• [Action item] Drop the pictures and extract exactly the lines from the one that contains "Frustrated upset young" through the end of the material.

• [Provided data]
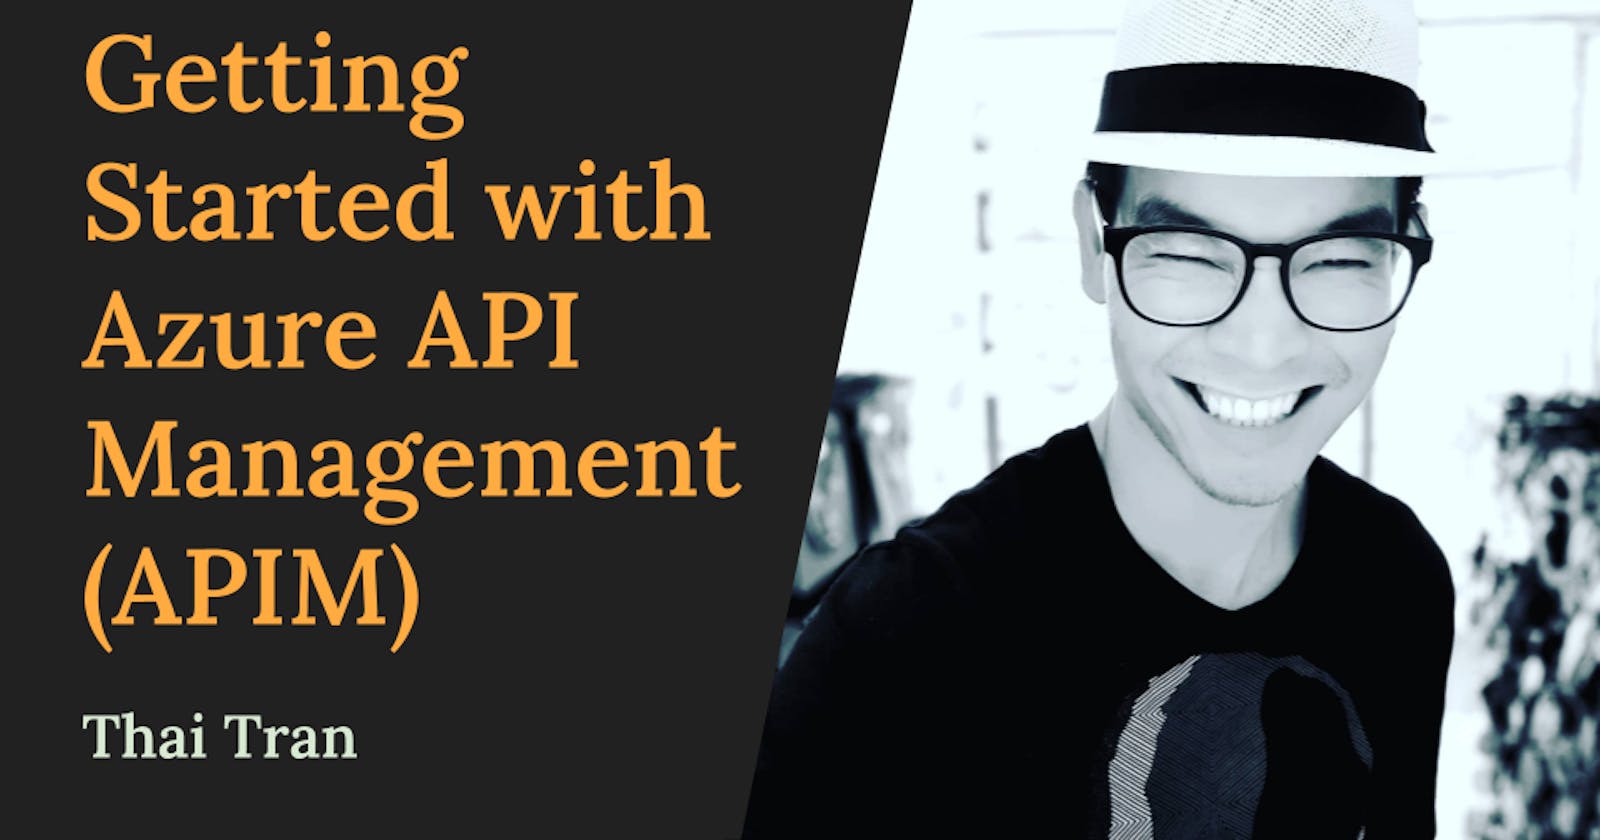 Getting Started with Azure API Management (APIM)
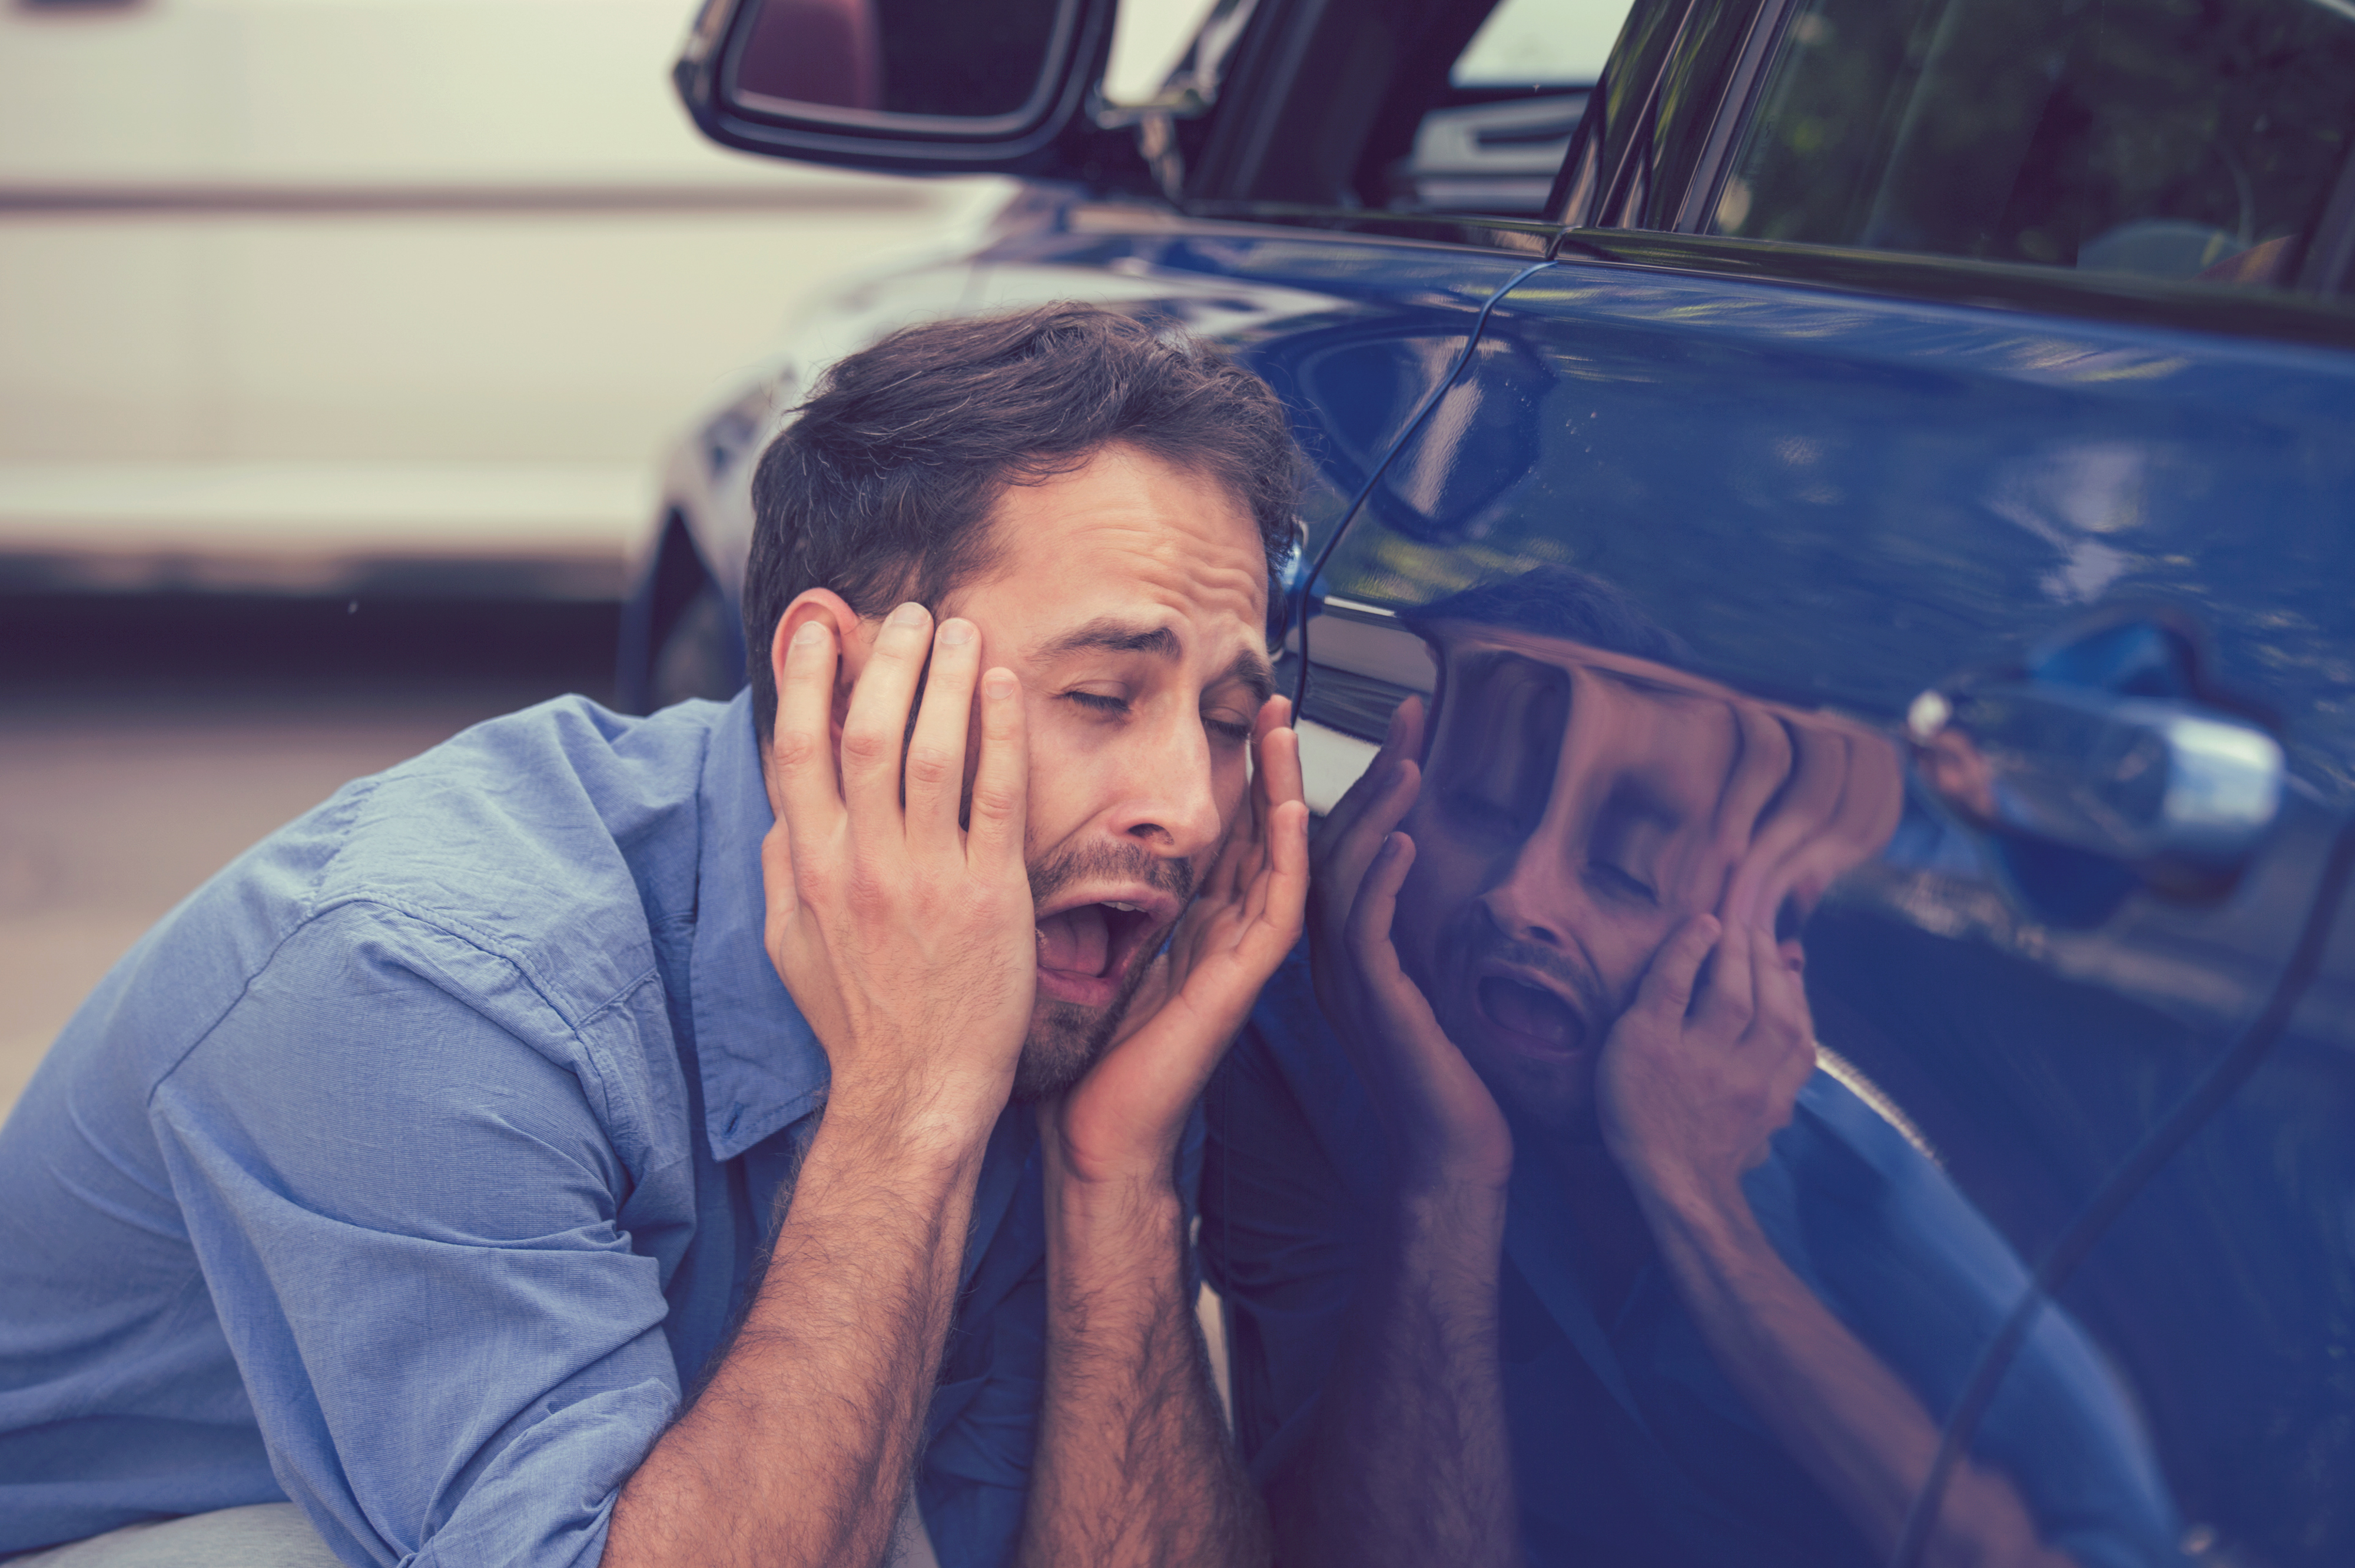 Frustrated upset young man looking at scratches and dents on his car outdoors | Source: Getty Images
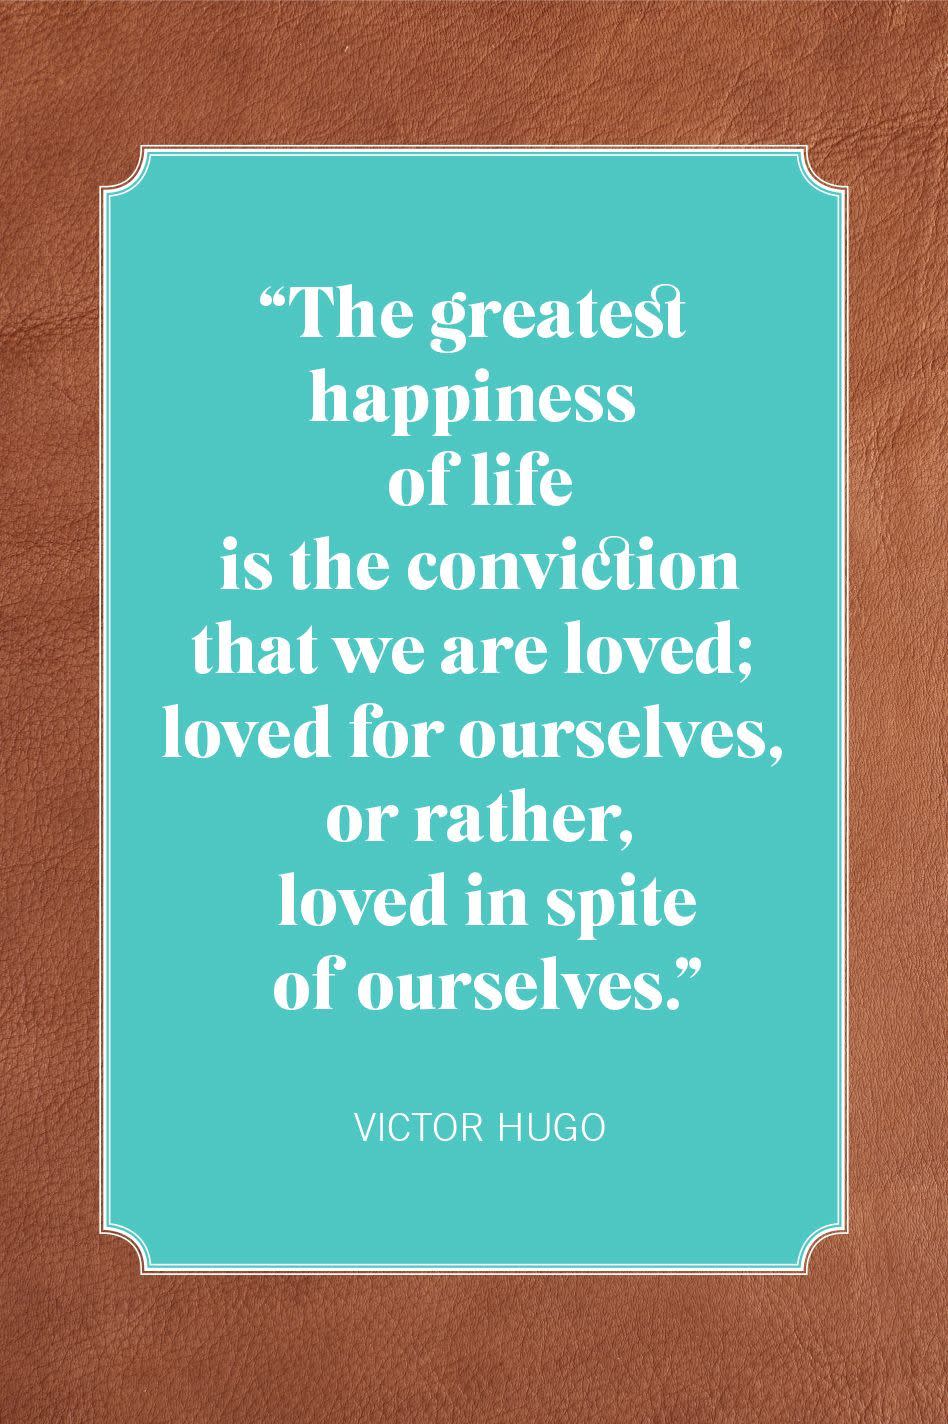 valentines day quotes for friends victor hugo

• [Answer section]
 Frustrated upset young man looking at scratches and dents on his car outdoors | Source: Getty Images
 valentines day quotes for friends victor hugo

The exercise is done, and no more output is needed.